А тогда Саша Гнатюк начал рассказывать, что он видел в Москве: какие там красивые дома и метро (это поезд, который ходит под землей). Все слушали молча. И Марийка тоже. Только иногда шептала Михо: «Слышите, слышите, что Саша говорит?»
Михо злился на Сашу Гнатюка. И на себя тоже. «Не такой я, какой ей нужен, не будет она со мной ходить», — подумал он про Марийку…
Еще говорило много людей. Все хвалили Сашу Гнатюка и ругали лысого.
Когда собрание кончилось, Марийка спросила:
— Вам понравилось?
Михо не знал, что сказать, он многого не понял, и все было каким-то необычным. Но он видел, что Марийка довольна, и сказал:
— Да, понравилось.
Когда они вышли из клуба, кто-то крикнул:
— Марийка!
Их догонял какой-то парень в новом пальто с каракулевым воротником. Михо узнал Сашу Гнатюка. «А у меня и вовсе пальто нет, в пиджаке хожу», — подумал Михо.
— Что, Саша? — спросила Марийка.
— Обожди же, я тебя весь вечер ищу, — сказал он и посмотрел на Михо.

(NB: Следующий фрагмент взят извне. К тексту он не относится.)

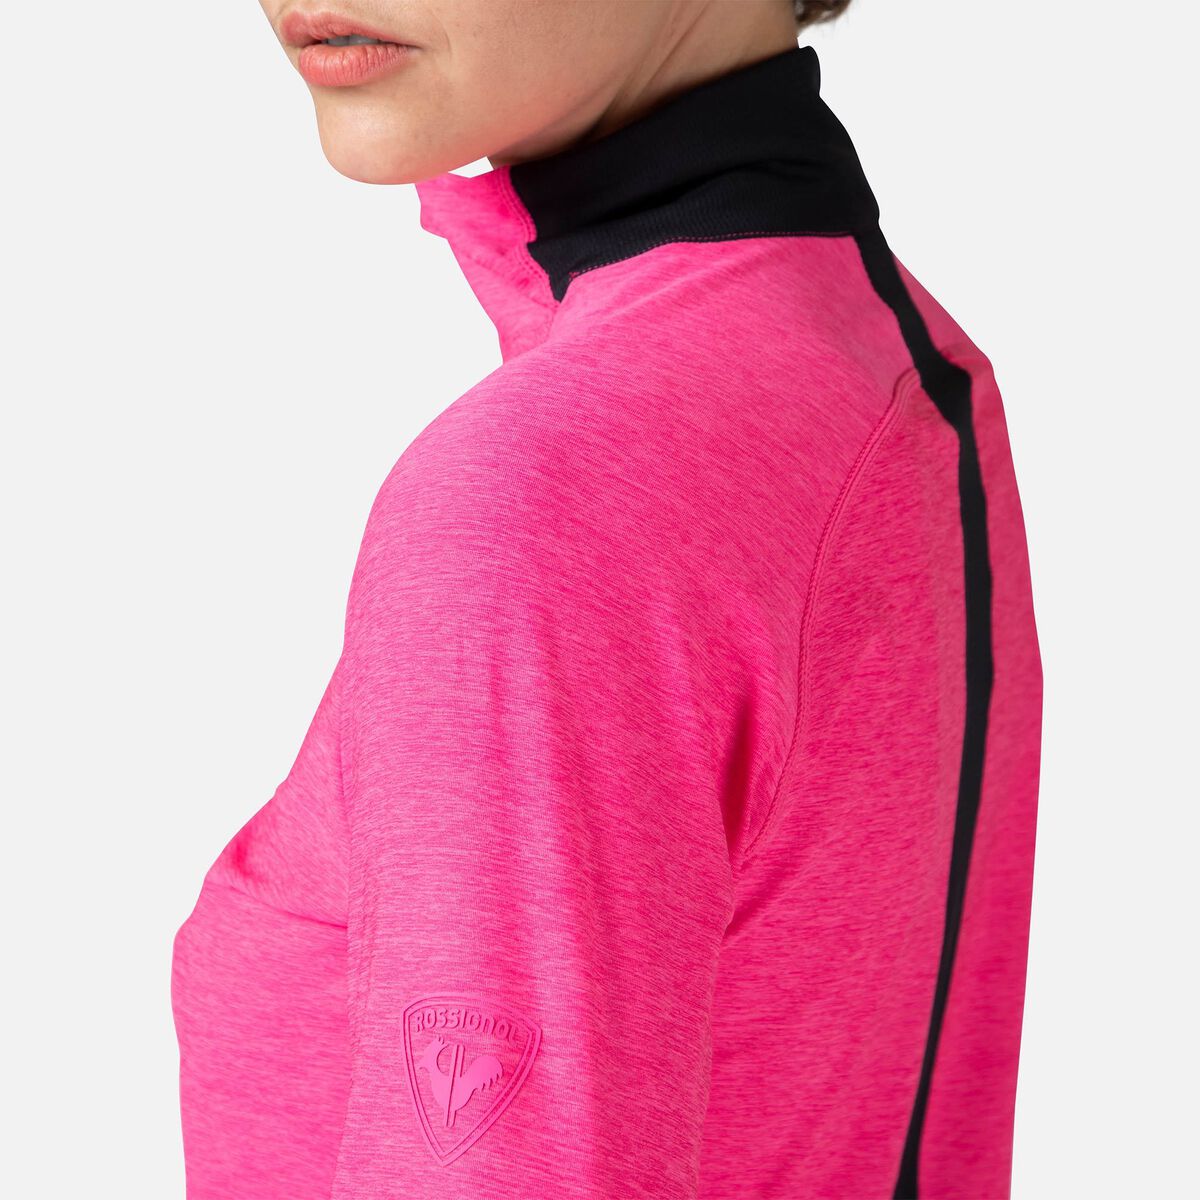 Rossignol Melierter Wanderpullover mit halblangem Reißverschluss für Damen pinkpurple

— Это Михо… мой товарищ, — сказала Марийка и покраснела. И Михо тоже покраснел. — Познакомьтесь.
Саша крепко пожал руку Михо, но ничего не сказал, а повернулся к Марийке.
— Я тебе подарок из Москвы привез.
Он вынул из бокового кармана пальто пакетик из синей бумаги.
Марийка взяла пакетик и сказала спасибо. Она опять покраснела, а Михо почувствовал, что у него, наверное, губы побелели, такими холодными они стали.
В это время подбежала Катя Радько и попросила:
— Покажи, что тебе Саша привез.
Марийка смущалась и не хотела разворачивать пакетик. Но Катя взяла его из рук Марийки и раскрыла. Там лежала косынка. Катя развернула ее и залюбовалась. Тонкая серая материя была усыпана яркими цветами, сплетенными синими полосами. В глазах Марийки засверкали искорки.
На душе у Михо стало нехорошо.
Глава одиннадцатая
Утро было пасмурным, густой туман клочьями стлался по земле. Но Саша чувствовал себя бодро, ему было весело и легко. Только мысль о встрече с Сулимой угнетала его.
Саша всегда относился к старику с уважением, но с тех пор как его сделали помощником Сулимы, у него все больше накипало раздражение. Раньше он видел в Сулиме безобидного старика, закостеневшего, но в общем вполне терпимого в коллективе. И такие люди на заводе нужны. Слово осторожного, неторопливого человека бывает очень важным.
Но сейчас неторопливость и осторожность Сулимы раздражали его. «Ему лишь бы выслужиться перед начальством, — думал Саша. — Он теперь готов любой приказ Гусева выполнить, лишь бы удержаться на должности машиниста».
Саша видел теперь в Сулиме только плохое, хотя сам понимал, что судит о нем предвзято. «Так можно и обо мне подумать. Как только меня сняли с должности машиниста стана, а его назначили, так, значит, он мне врагом стал. Выходит, я вроде за карьерой гонюсь».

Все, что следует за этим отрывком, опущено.